# Lunar Lander Study
### This notebook is a study of the LunarLander-v2 environment using the Gymnasium environment
### The algorithm library is StableBaselines3

*This notebook was created in Jupyter Notebooks and is based off of the HuggingFace Unit 1 tutorial*

HuggingFace Tutorial: [unit1](https://github.com/huggingface/deep-rl-class/tree/main/unit1)

Environment: [LunarLander-v2](https://gymnasium.farama.org/environments/box2d/lunar_lander/)

RL-Library: [StableBaselines3](https://stable-baselines3.readthedocs.io/en/master/)

In [1]:
# import required libraries
import gym

from stable_baselines3 import PPO
from stable_baselines3.common.evaluation import evaluate_policy
from stable_baselines3.common.env_util import make_vec_env
from stable_baselines3.common.vec_env import (DummyVecEnv, VecMonitor)
# utils is a python file containing useful scripts such as an mp4 video generator
import video_save_utility

### LunarLander-v2:
It is important to have an understanding about both the observation and action space.
The observation space will include all relevant data about the lander and the action space include all of the possible actions our agent can take. 
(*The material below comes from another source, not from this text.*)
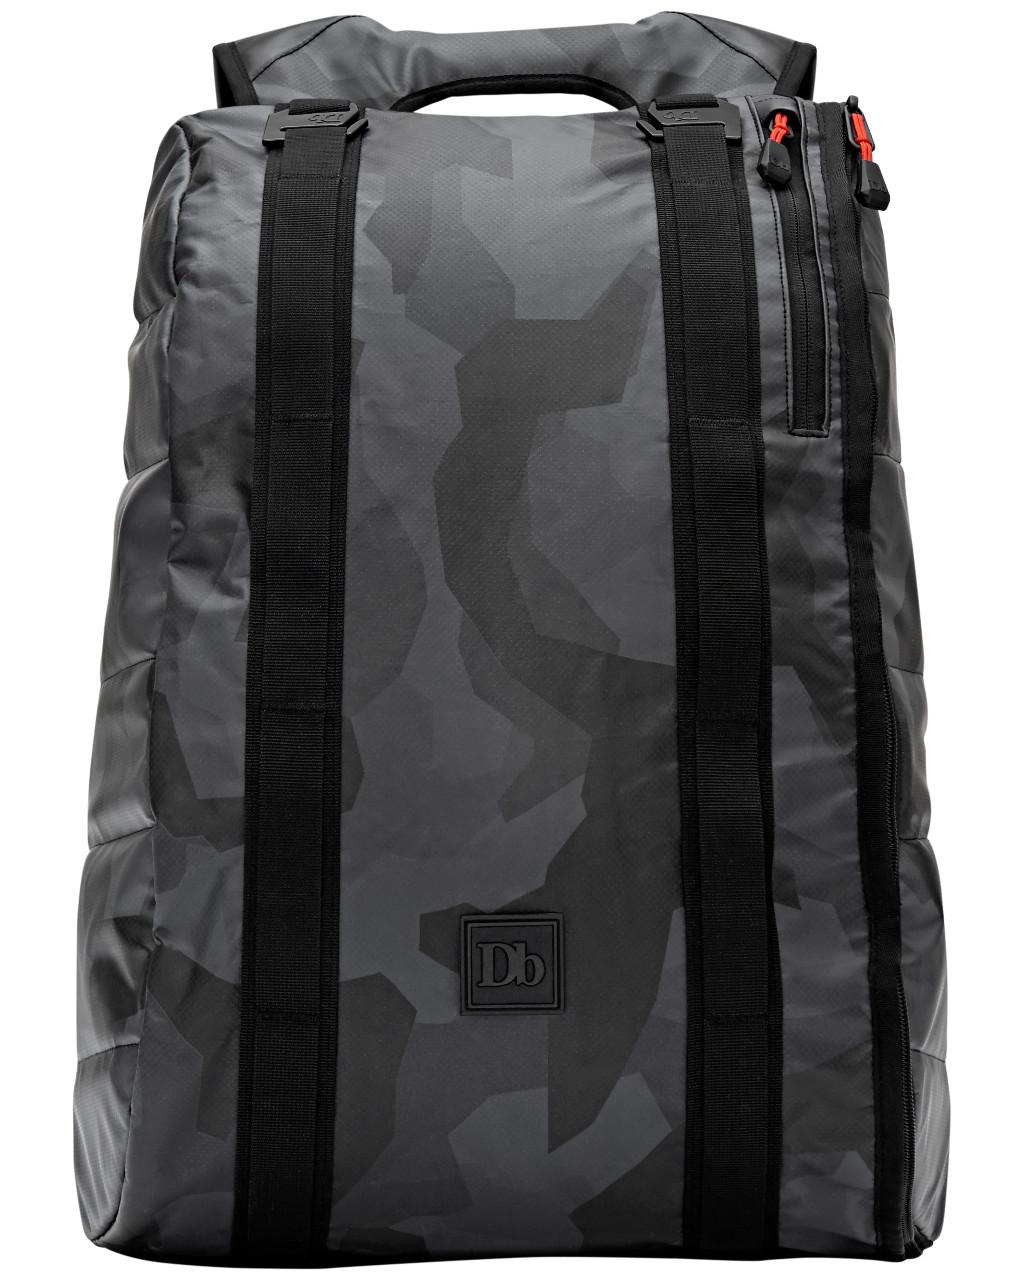 The Base 15L LTD Black Camo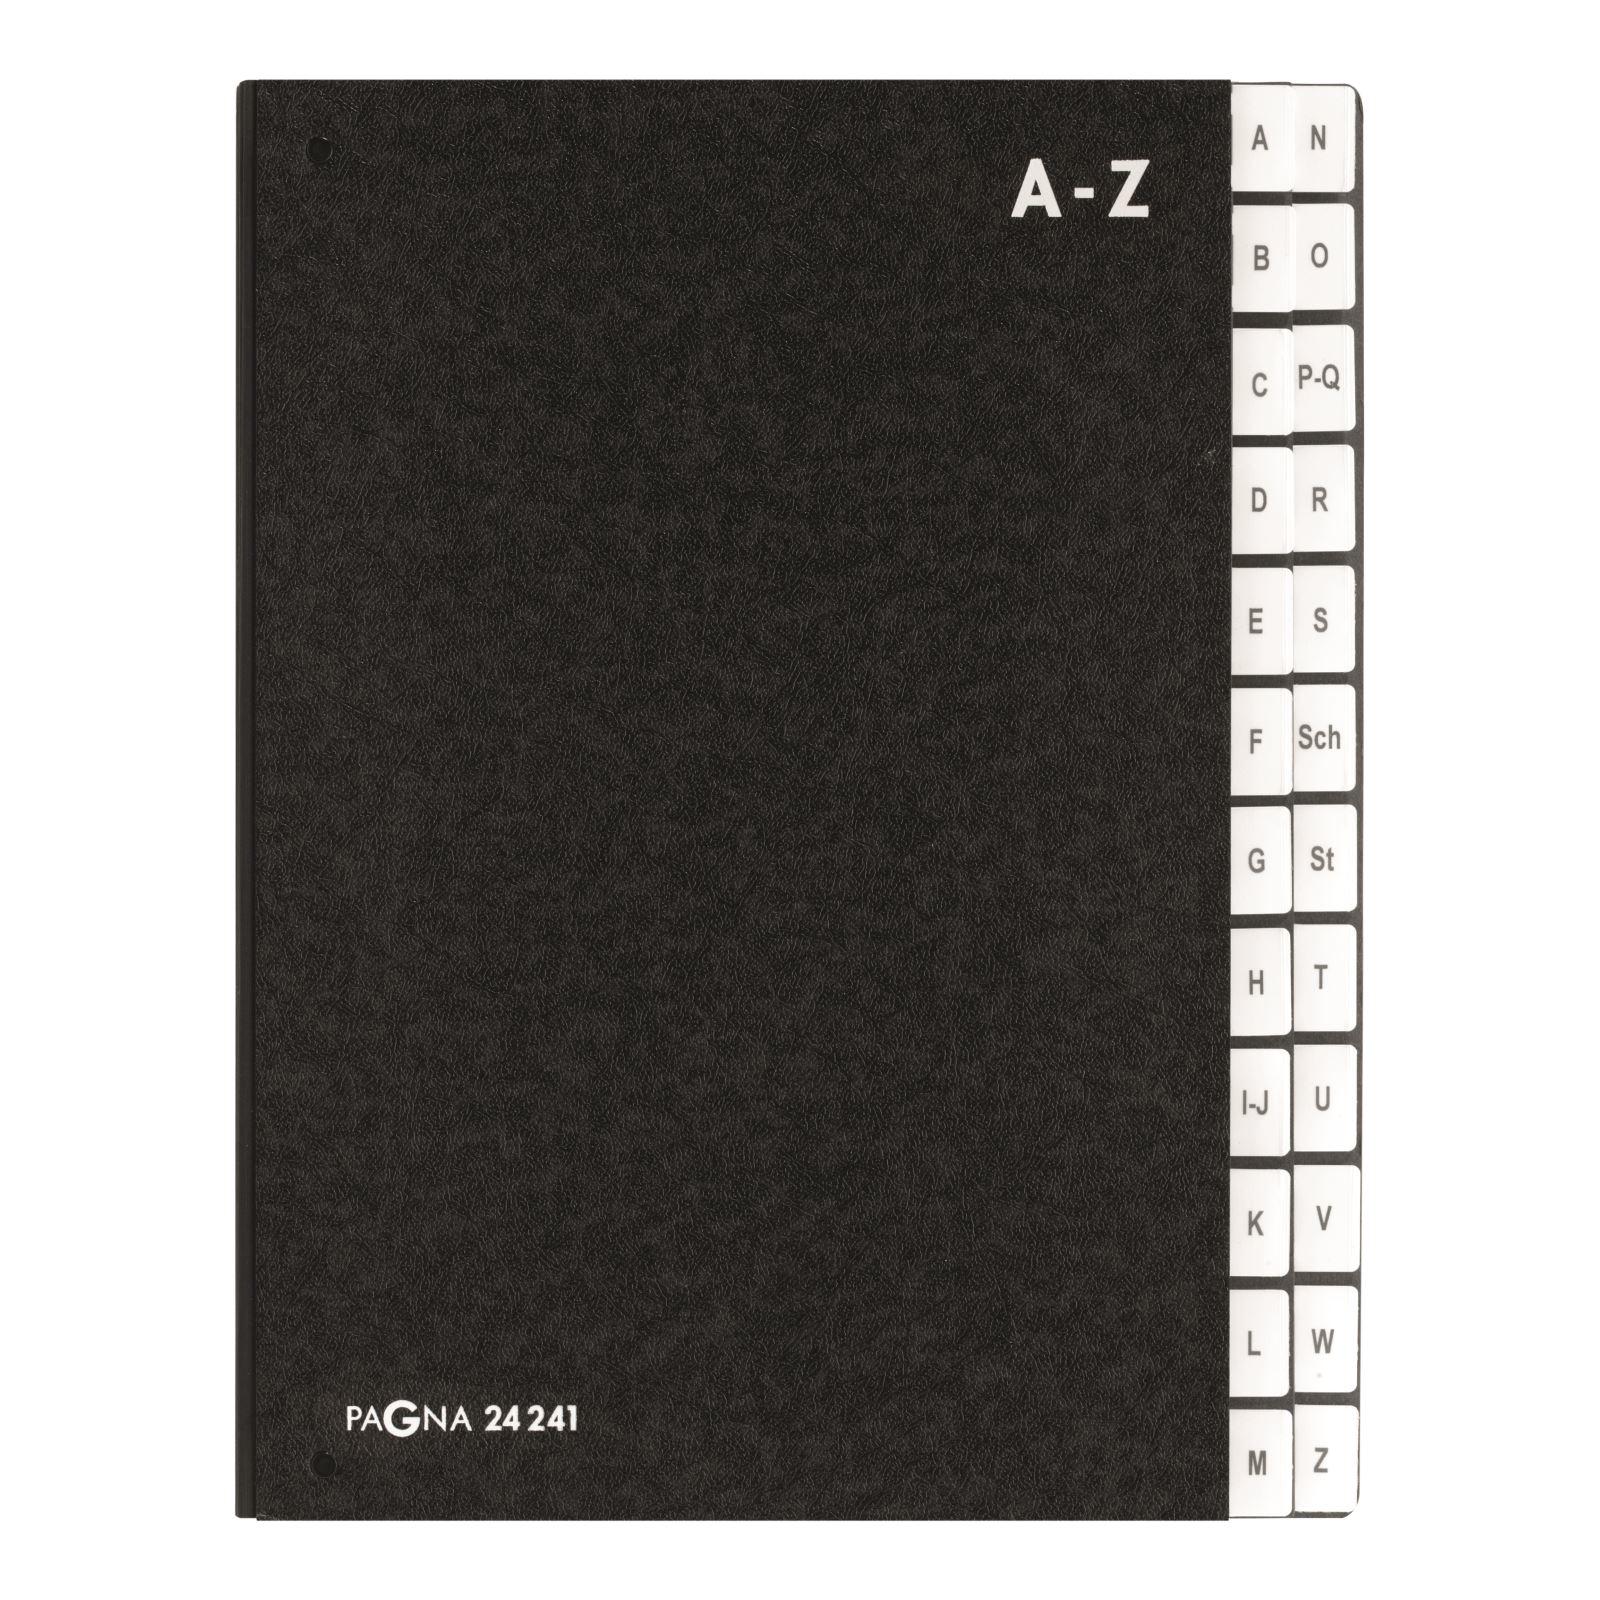 Pagna Pultordner Classic 24 Fächer - A4 - Schwarz - Porträt

In this case, the observation space of the model includes the following:
- Horizontal x coordinate of the lander
- Horizontal y coordinate of the lander
- Linear x velocity
- Linear y velocity
- The lander's angle
- The lander's angular velocity
- Left left ground contact boolean
- Tight leg ground contact boolean

The action space includes the following:
- Do nothing
- Fire left engine
- Fire main engine
- Fire right engine

In [2]:
# create a gym environment
env = gym.make("LunarLander-v2")
# reset the gym environment
observation = env.reset()

In [3]:
print("Observation Space:")
# prints out the shape of our observation space
print("Shape: {}".format(observation.shape))
# prints out a random sample from our observation space
print("Sample: {}".format(env.observation_space.sample()))

Observation Space:
Shape: (8,)
Sample: [ 1.8101461  -1.3941718  -0.10744615 -0.60029733  1.0281636  -0.02530295
  1.1444058   1.0060687 ]


In [4]:
print("Action Space:")
# prints out the shape of our observation space
print("Shape: {}".format(env.action_space.n))
# prints out a random sample from our observation space
print("Sample: {}".format(env.action_space.sample()))

Action Space:
Shape: 4
Sample: 0


---
For our training we want to use a vectorized envirnoment so that we can have more diverse experiences during training. This method runs multiple copies of the same environment in parallel and provides a linear speedup in steps taken through sampling the multiple sub-environments at the same time. ([Gymnasium Vectors](https://gymnasium.farama.org/api/vector/))


In [5]:
v_env = make_vec_env('LunarLander-v2', n_envs = 16)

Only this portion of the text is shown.